Após o sínodo amazônico, houve um aumento do interesse pelas equipes itinerantes, que participaram ativamente dos eventos públicos que aconteceram em Roma durante o sínodo, conta Madeira.

Hoje, os membros da equipe viajam ao longo do rio, usando os mesmos barcos de passageiros que as pessoas que vivem nas comunidades e compartilhando atividades cotidianas nas comunidades que visitam. Eles veem seu papel como construção de Igreja ao ajudar a interconectar comunidades.

Uma mulher acena enquanto rema uma canoa em Santarém, no Pará, em 11-04-2019. Na época, um rio na Arquidiocese de Santarém tinha 54 comunidades católicas ao longo de suas margens e apenas um padre para servir a todas essas comunidades (Foto: CNS/Paul Jeffrey)

Trabalhar ao longo das fronteiras amazônicas é mais perigoso agora do que era há uma década ou mais. As áreas da tríplice fronteira, especialmente, são áreas de trânsito importantes para traficantes de drogas, traficantes de pessoas e mineradores ilegais que operam enormes dragas que agitam grandes quantidades de sedimentos e poluem rios com mercúrio.

Grupos do crime organizado e policiais ou políticos corruptos frequentemente dão uma mordida nesses negócios, tornando a Amazônia particularmente perigosa para líderes de base que falam publicamente contra atividades ilegais — em torno de extração de madeira, mineração, caça e pesca, bem como tráfico de drogas e grilagem de terras — em seus territórios. Colômbia e Brasil lideram a lista de países com mais assassinatos de pessoas por defender suas terras e territórios nos últimos doze anos, de acordo com o grupo de vigilância internacional Global Witness.

Esses problemas ressaltam os obstáculos que a Igreja na Amazônia continua enfrentando em seus esforços para concretizar os sonhos de Francisco. Mesmo assim, Barreto, que completou 80 anos este ano, continua otimista.

"Vivo com muita esperança, esperança ativa" de que chegará um momento em que os povos indígenas da região serão respeitados, e as pessoas falarão sobre suas diferenças e buscarão o bem comum, diz ele.

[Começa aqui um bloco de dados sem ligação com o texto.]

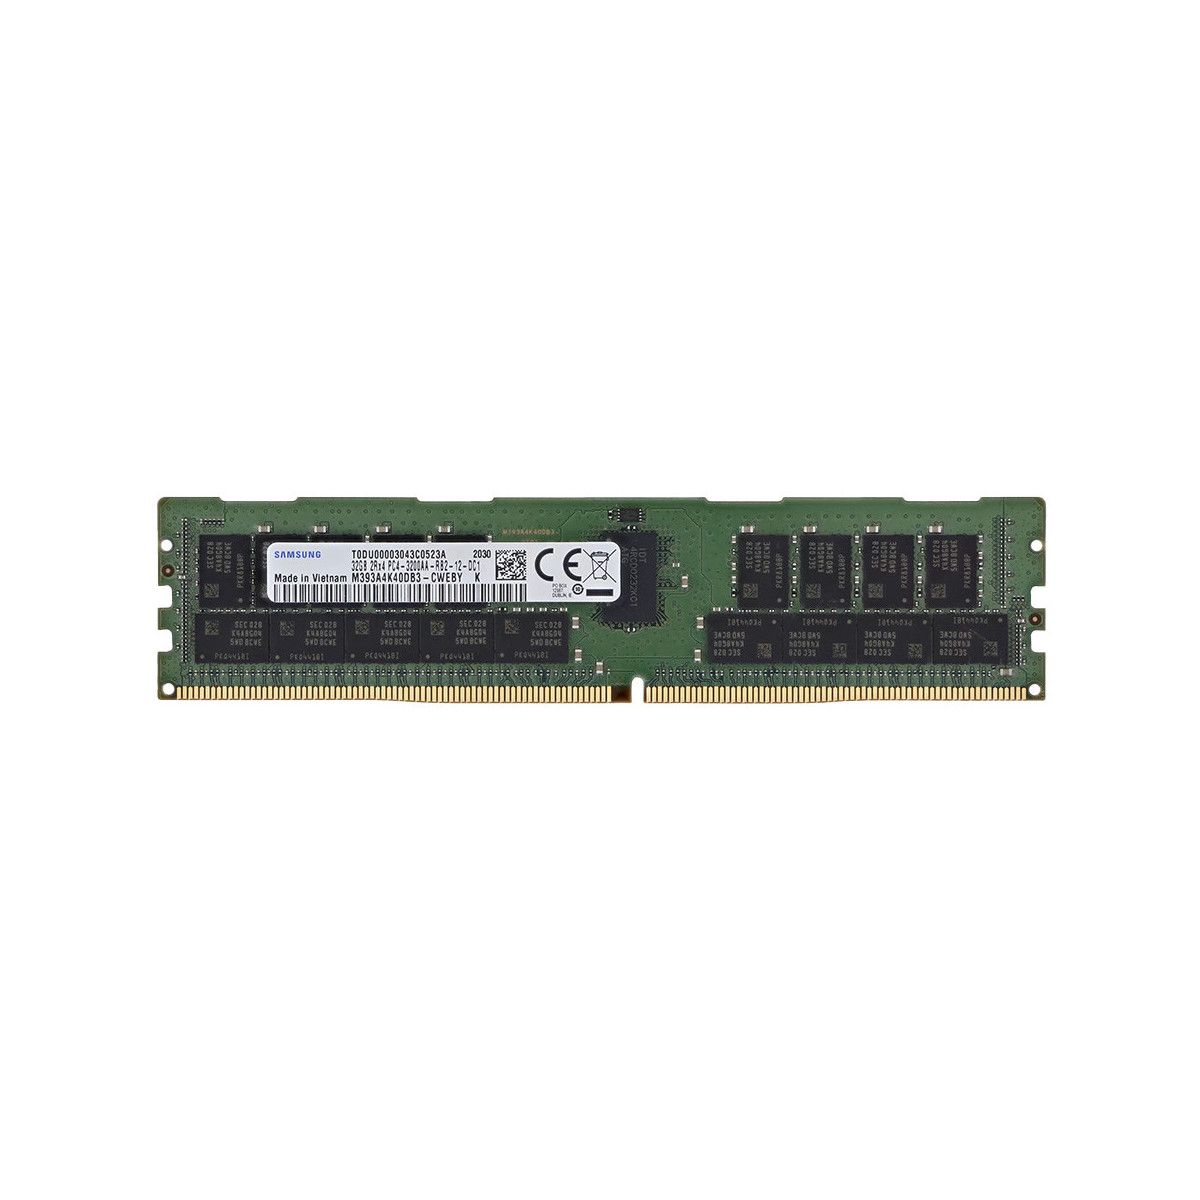 P07646‐K21-MS - Memstar 1x 32GB DDR4-3200 RDIMM PC4-25600R - Mem-star Compatible OEM Memory 1 - Memstar

Seu próprio sonho é que a Amazônia seja um lugar "onde possa haver um relacionamento harmonioso entre culturas, onde o meio ambiente seja respeitado e a Igreja esteja profundamente enraizada no coração das pessoas. Essa é a esperança que está crescendo em mim. Não porque eu vou vê-la, mas para as crianças e as gerações que virão".